Но, оглядывая себя в зеркале, она подумала – на той неделе мама, как всегда, поедет в Джилли, и надо бы тоже поехать, зайти в мастерскую Герты и заказать несколько новых платьев.

А это платье ей тошно надеть, она бы мигом его скинула, будь у нее другое мало-мальски подходящее. Другое время, другой темноволосый спутник… а это платье слишком напоминает о любви и мечтах, о слезах и одиночестве, надеть его для вот такого Люка О’Нила просто кощунство. Мэгги уже привыкла скрывать свои чувства, на людях всегда была спокойна и словно бы довольна жизнью. Она все плотнее замыкалась в самообладании, точно дерево в своей коре, но иной раз среди ночи подумает о матери – и ее пробирает дрожь.

Неужели в конце концов и она, как мама, отрешится от всех человеческих чувств? Может быть, так оно и начиналось для мамы в те времена, когда она была с отцом Фрэнка? Бог весть что бы сделала, что сказала бы мама, знай она, что Мэгги стала известна правда про Фрэнка. Та памятная стычка в доме священника! Словно вчера это было – отец и Фрэнк друг против друга, а Ральф до боли сжал ее плечи. Какие ужасные слова они кричали друг другу! И тогда все стало ясно. Едва Мэгги поняла, ей показалось, что она всегда это знала. Она достаточно взрослая, теперь она понимает, что и дети появляются не так просто, как ей думалось прежде; для этого нужна какая-то телесная близость, дозволенная только между мужем и женой, а для всех остальных запретная. Сколько же позора и унижения, наверное, вытерпела бедная мама из-за Фрэнка! Неудивительно, что она стала такая. Случись такое со мной, подумала Мэгги, лучше мне умереть. В книгах только самые недостойные, самые дурные женщины имеют детей, если они не замужем; но мама ведь не была, никогда не могла быть, дурной и недостойной. Как бы Мэгги хотелось, чтобы мать ей все рассказала или у нее самой хватило бы смелости заговорить. Может быть, от этого маме даже хоть немного полегчало бы. Только не такой она человек, к ней не подступишься, а она, уж конечно, первая не начнет. Мэгги вздохнула, глядя на себя в зеркало, и от души понадеялась, что с ней самой никогда ничего подобного не случится.
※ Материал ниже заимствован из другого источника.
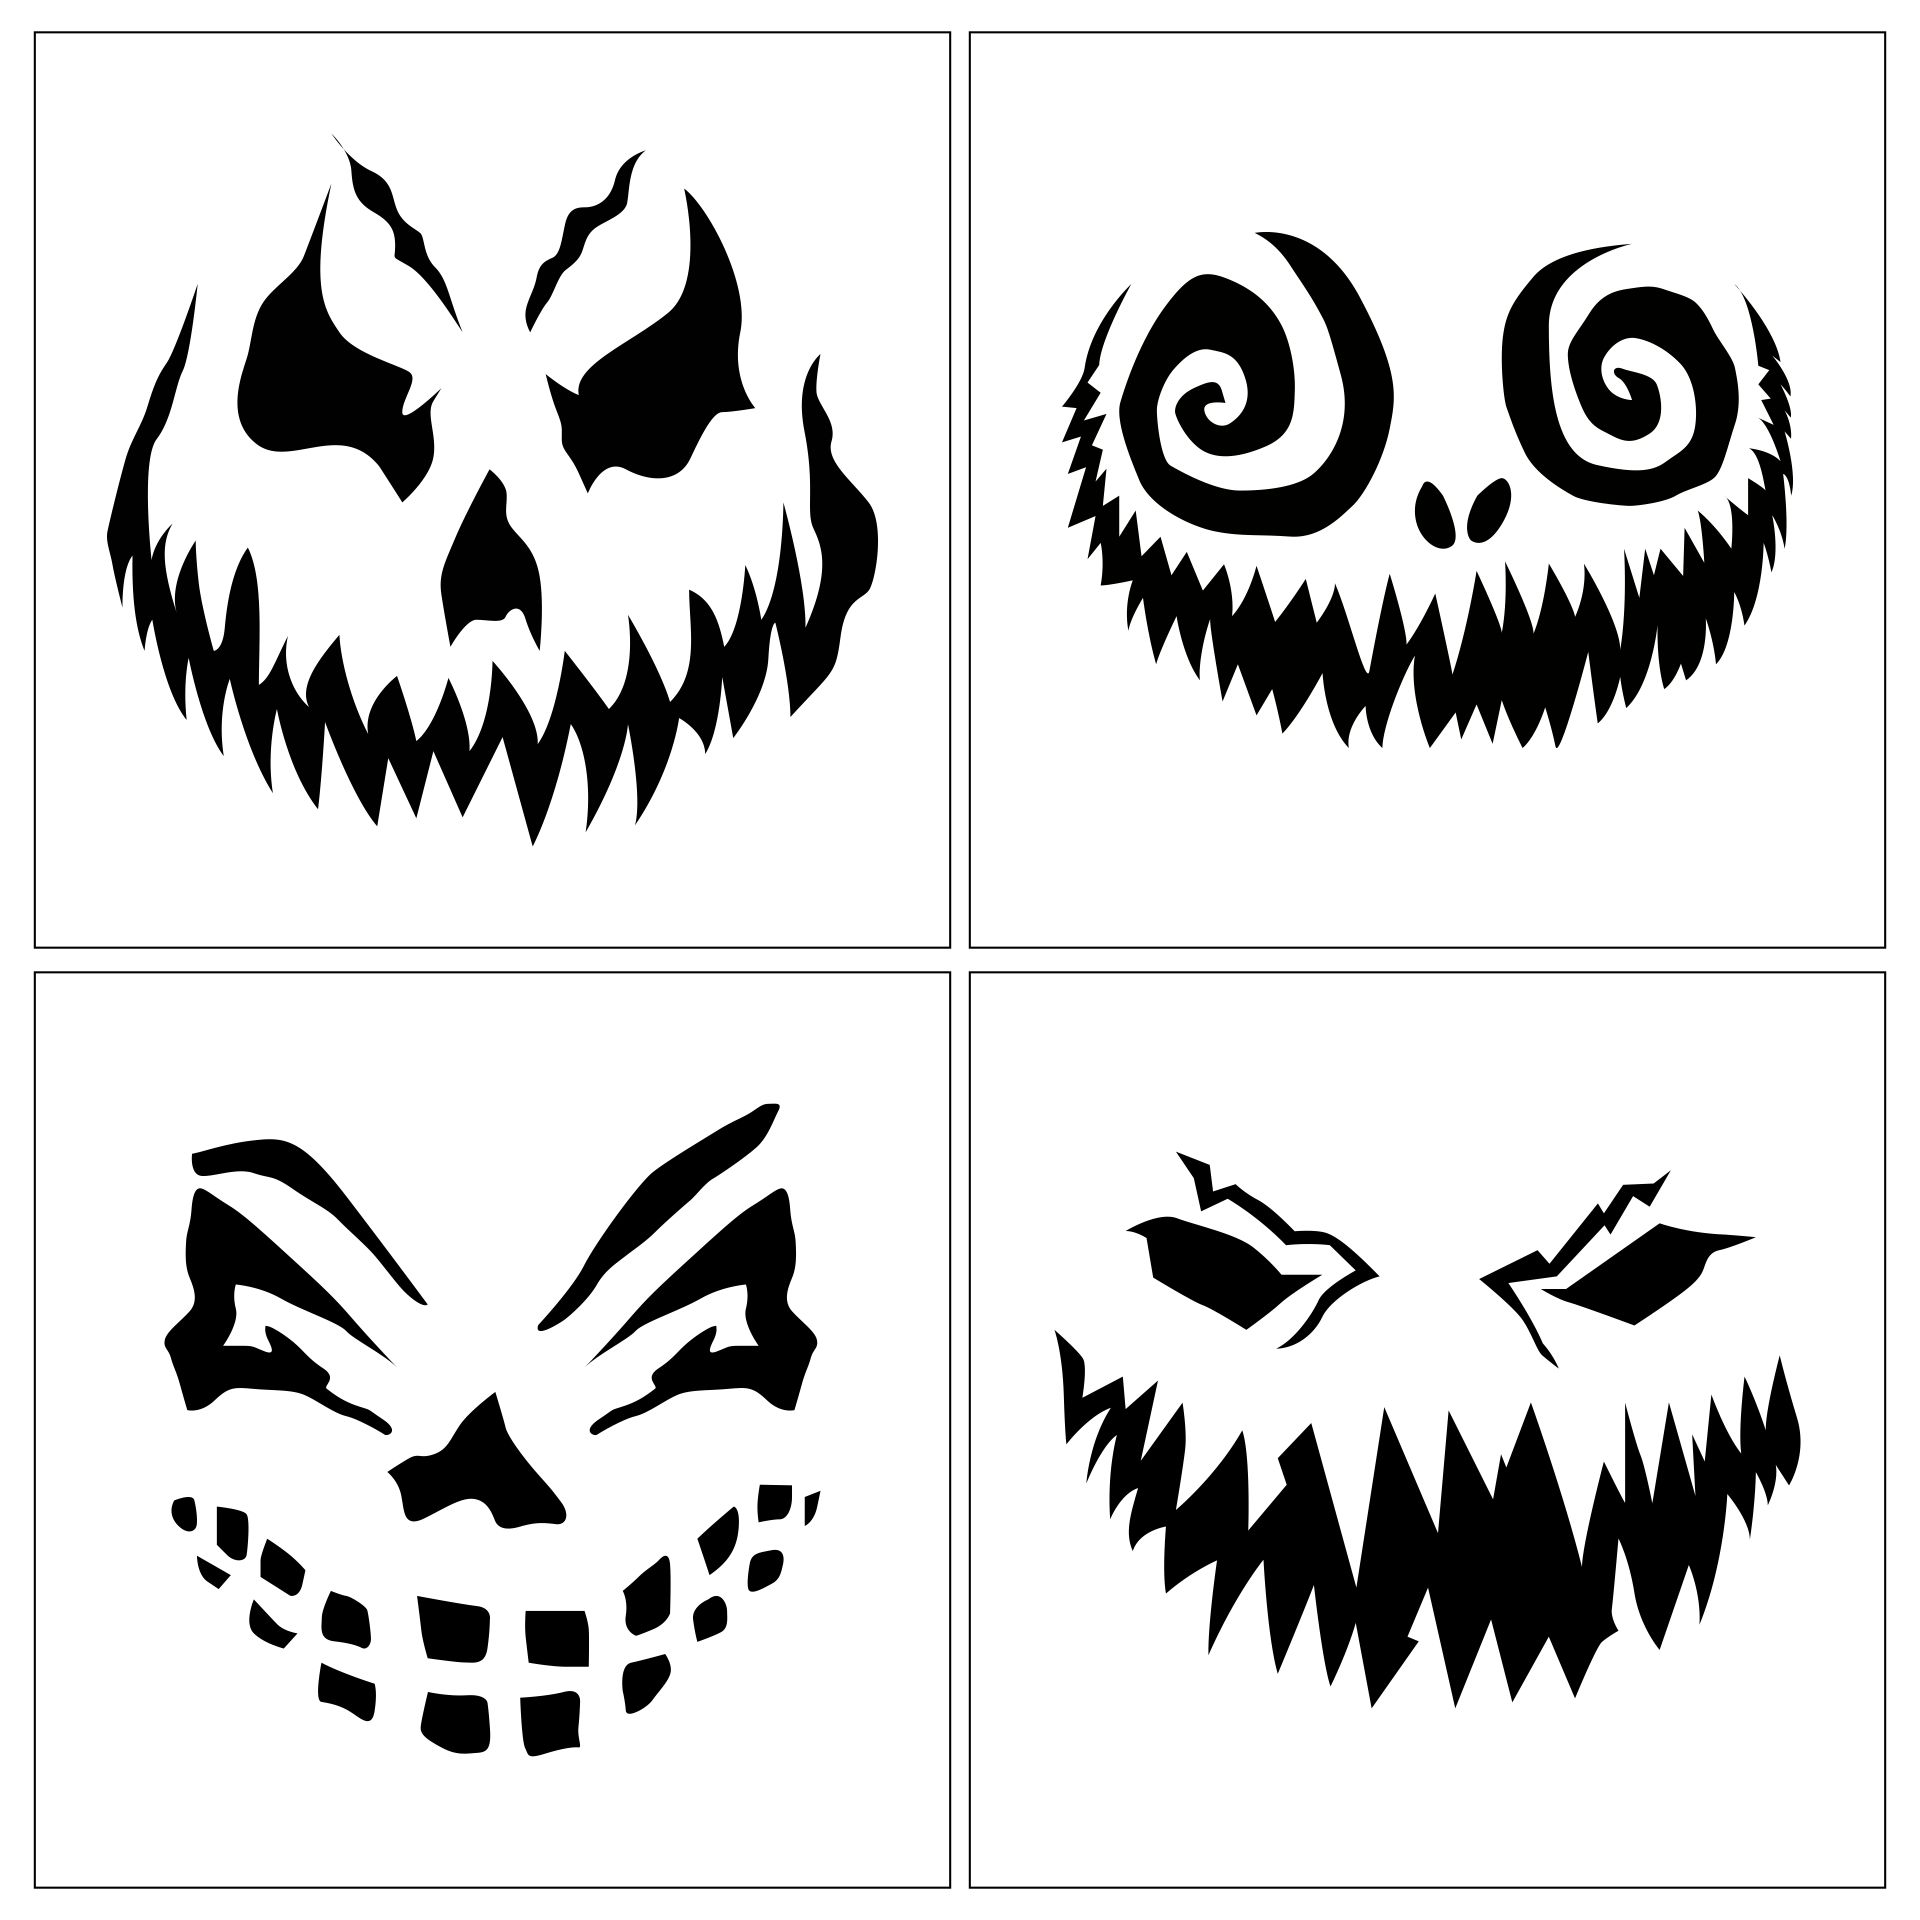 cut-out-printable-halloween-templates
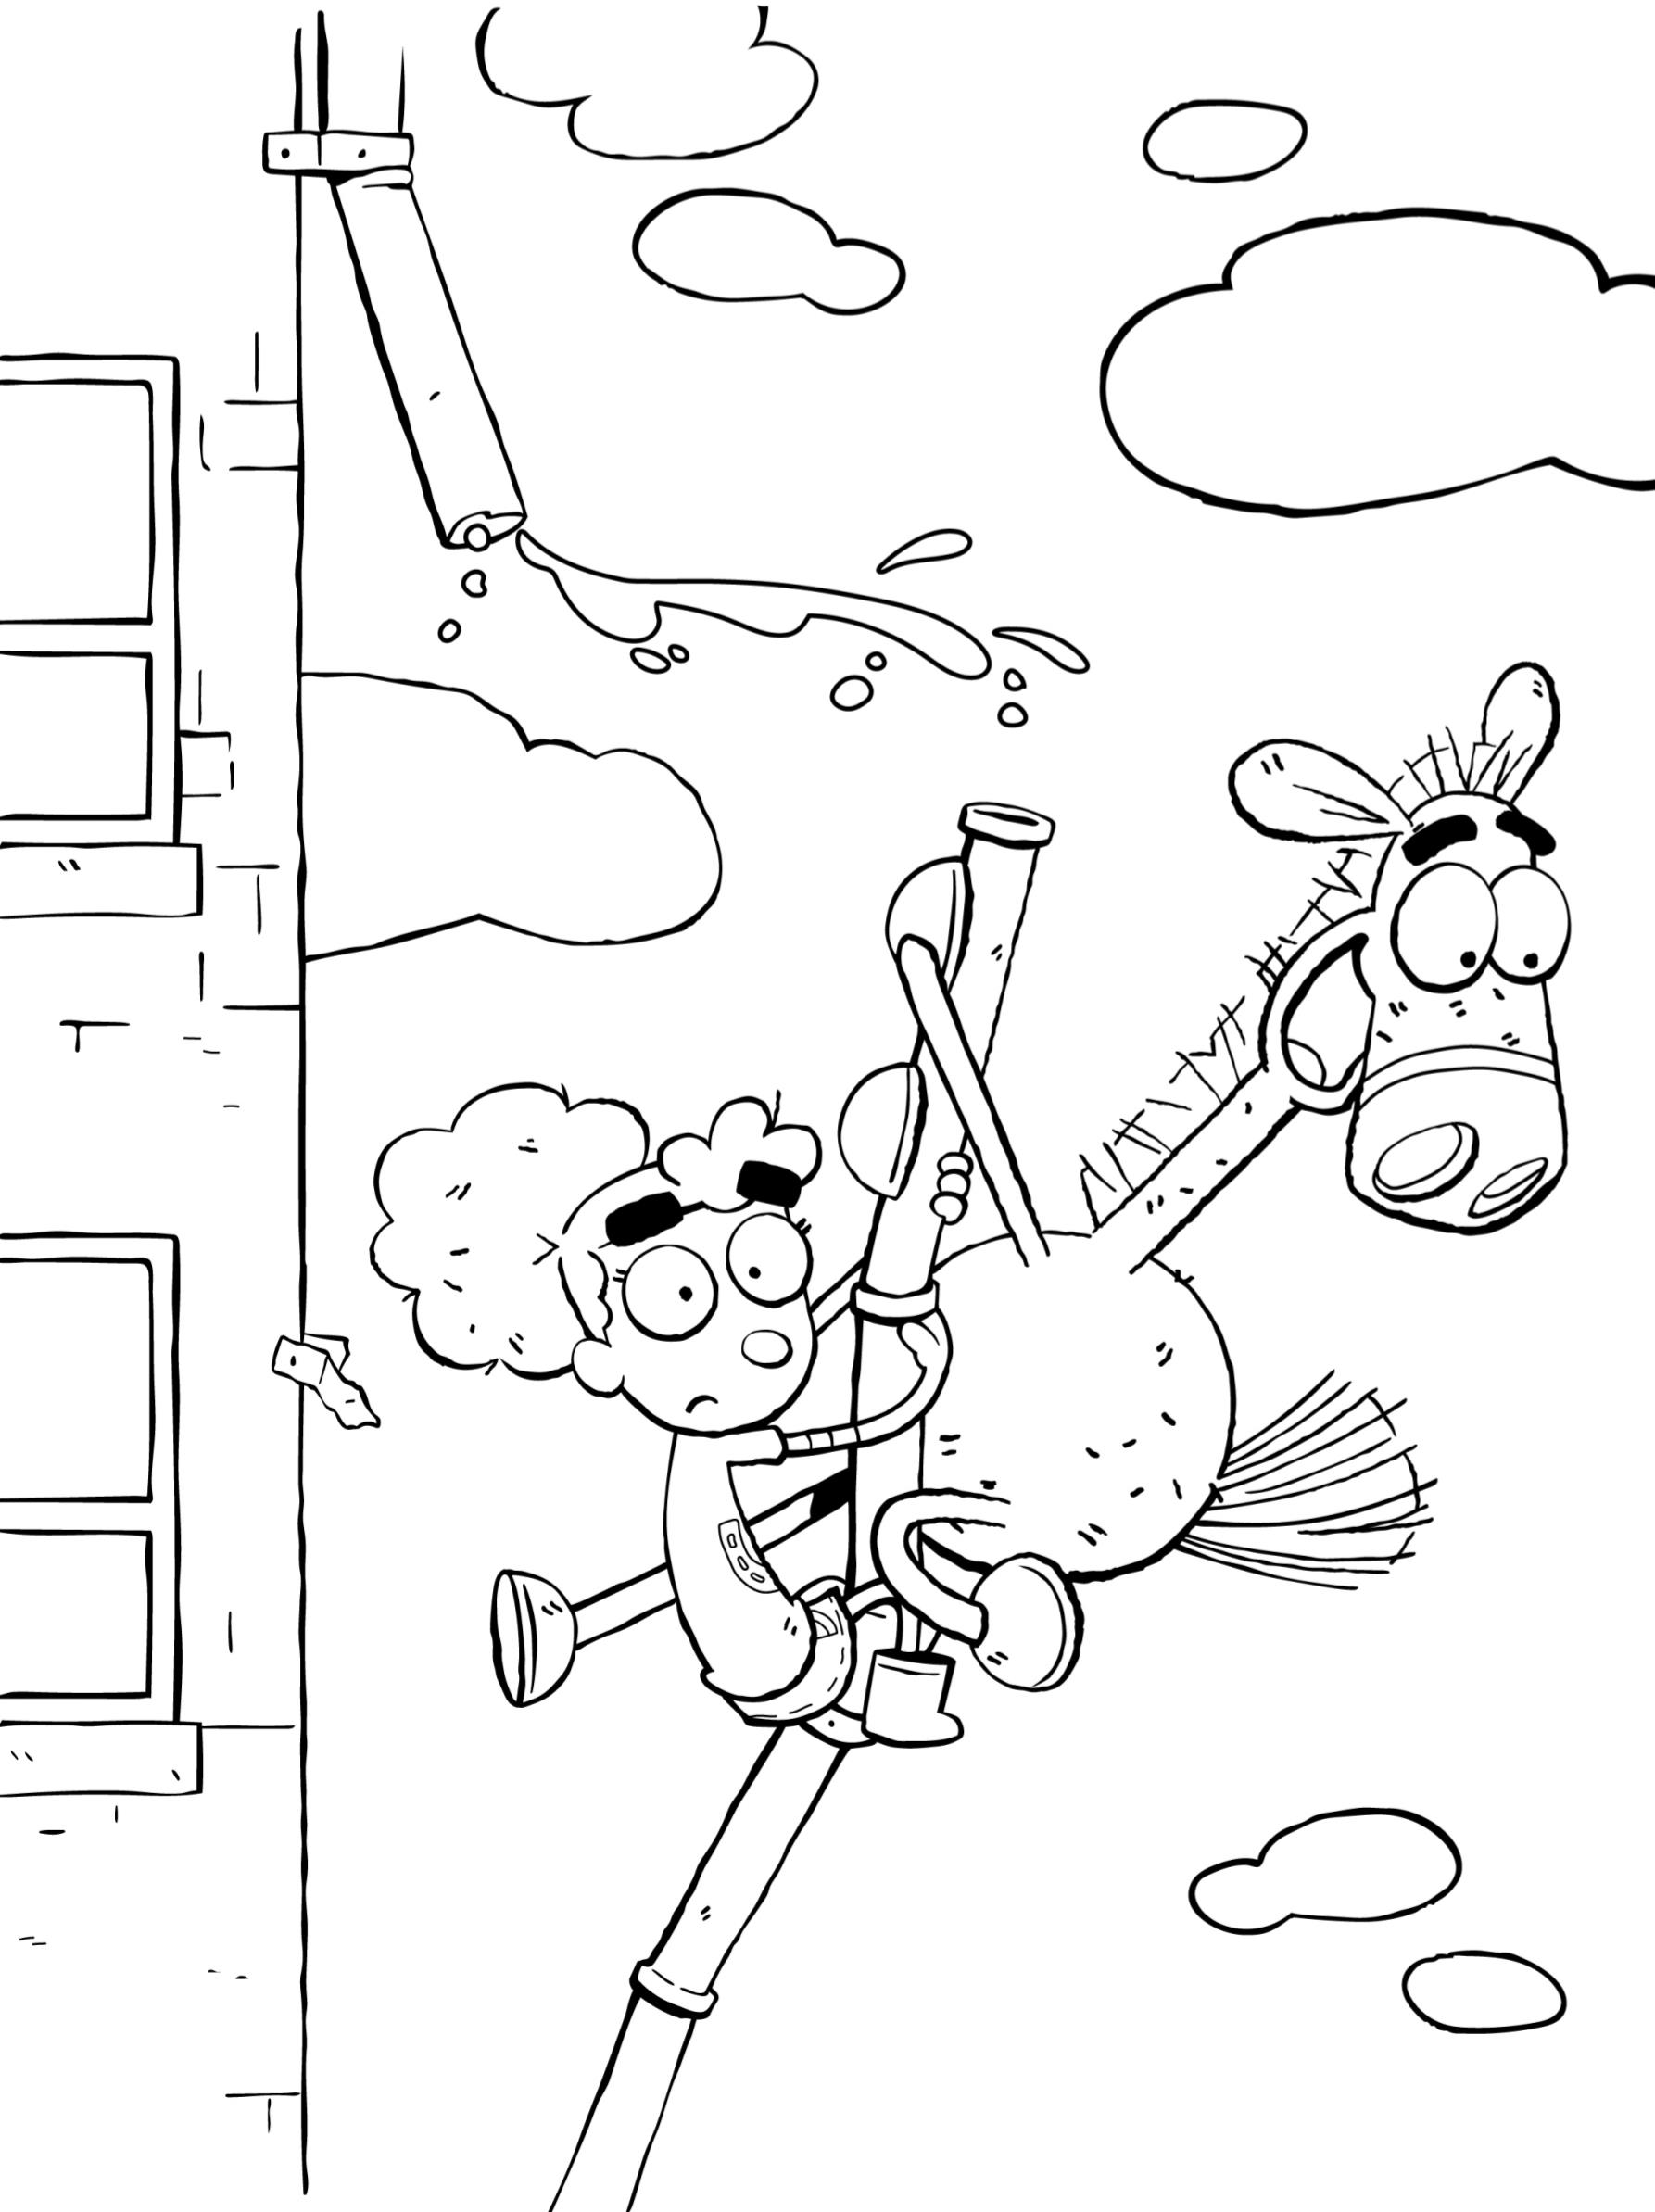 Kids-n-fun.com | Create personal coloring page of It's Pony coloring page
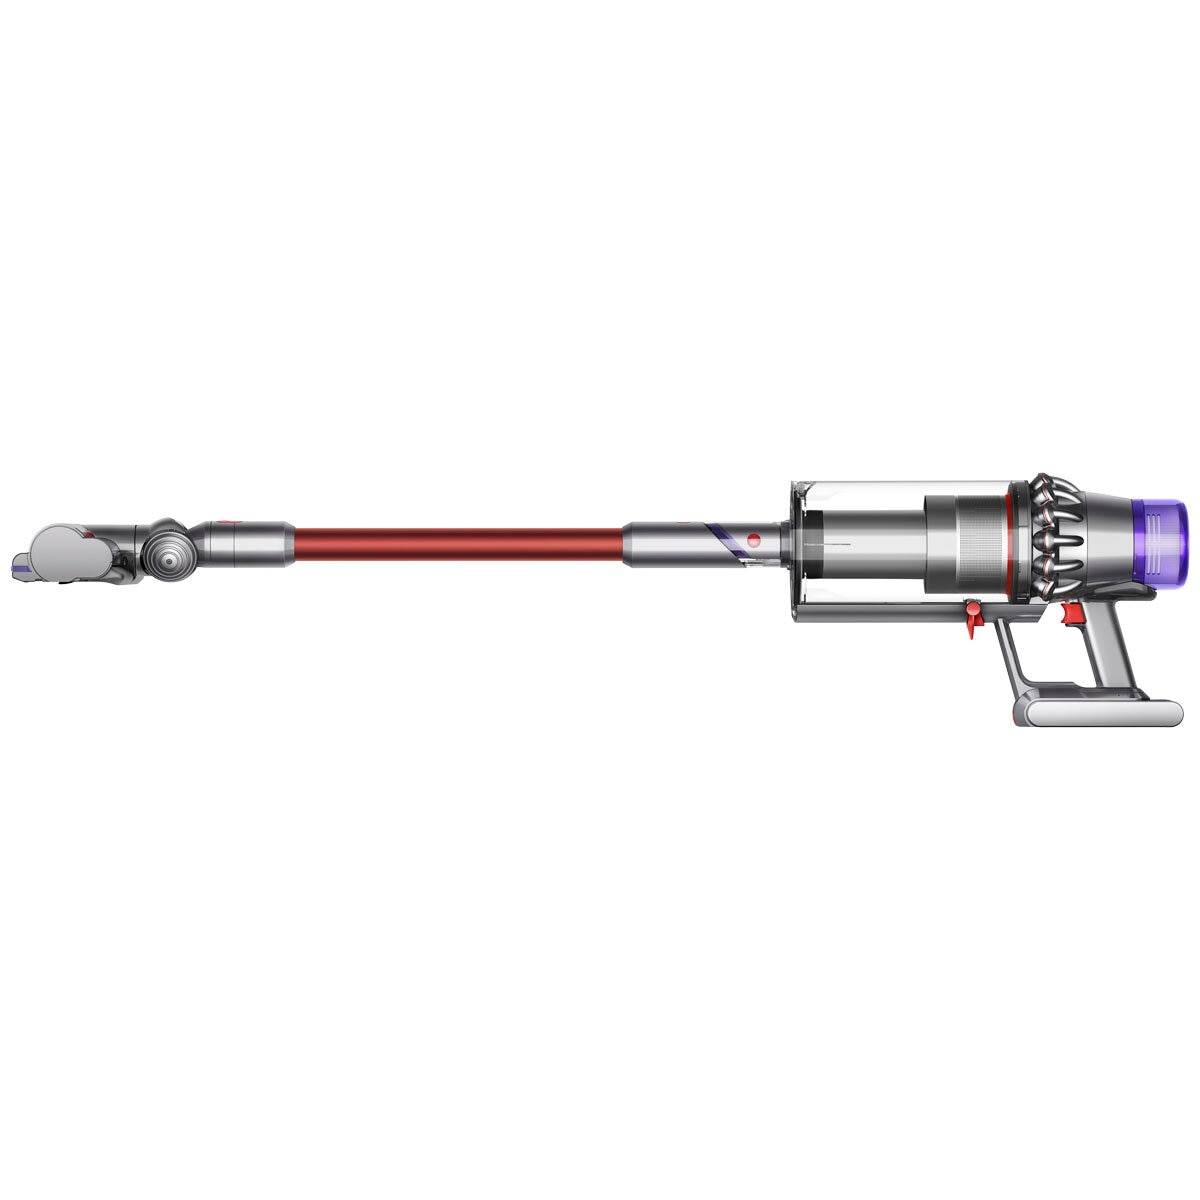 Dyson Outsize Absolute Stick Vacuum Cleaner 394102-01

И однако, она молода, и в такие вот минуты, лицом к лицу со своим отражением в пепельно-розовом платье, ей нестерпимо хочется живого чувства, волнения, которое обдало бы ее словно жарким и сильным ветром. И совсем не хочется весь свой век плестись, как заведенной, по одной и той же колее; хочется перемен, полноты жизни, любви. Да, любви, и мужа, и детей. Что толку томиться по человеку, если он все равно твоим никогда не будет? Он не хочет ее в жены и никогда не захочет. Говорил, что любит ее, но не той любовью, какой полюбит муж. Потому что он обвенчан со святой церковью. Неужели все мужчины такие – любят что-то неодушевленное сильнее, чем способны полюбить живую женщину? Нет, конечно, не все. Наверное, таковы только сложные, неподатливые натуры, у кого внутри сомнения и разброд, умствования и расчеты. Но есть же люди попроще, способные полюбить женщину больше всего на свете. Хотя бы такие, как Люк О’Нил.

– До чего ж вы красивая девушка, сроду таких не встречал, – сказал ей Люк, нажимая на стартер «роллс-ройса».
Мэгги совершенно не привыкла к комплиментам, она изумленно покосилась на Люка, но промолчала.
– Правда, здорово? – продолжал он, видимо, ничуть не разочарованный ее равнодушием. – Повернул ключ, нажал кнопку на приборной доске – и машина пошла. Ни ручку крутить не надо, ни на педаль жать, покуда вовсе не выбьешься из сил. Вот это жизнь, Мэгенн, верно вам говорю.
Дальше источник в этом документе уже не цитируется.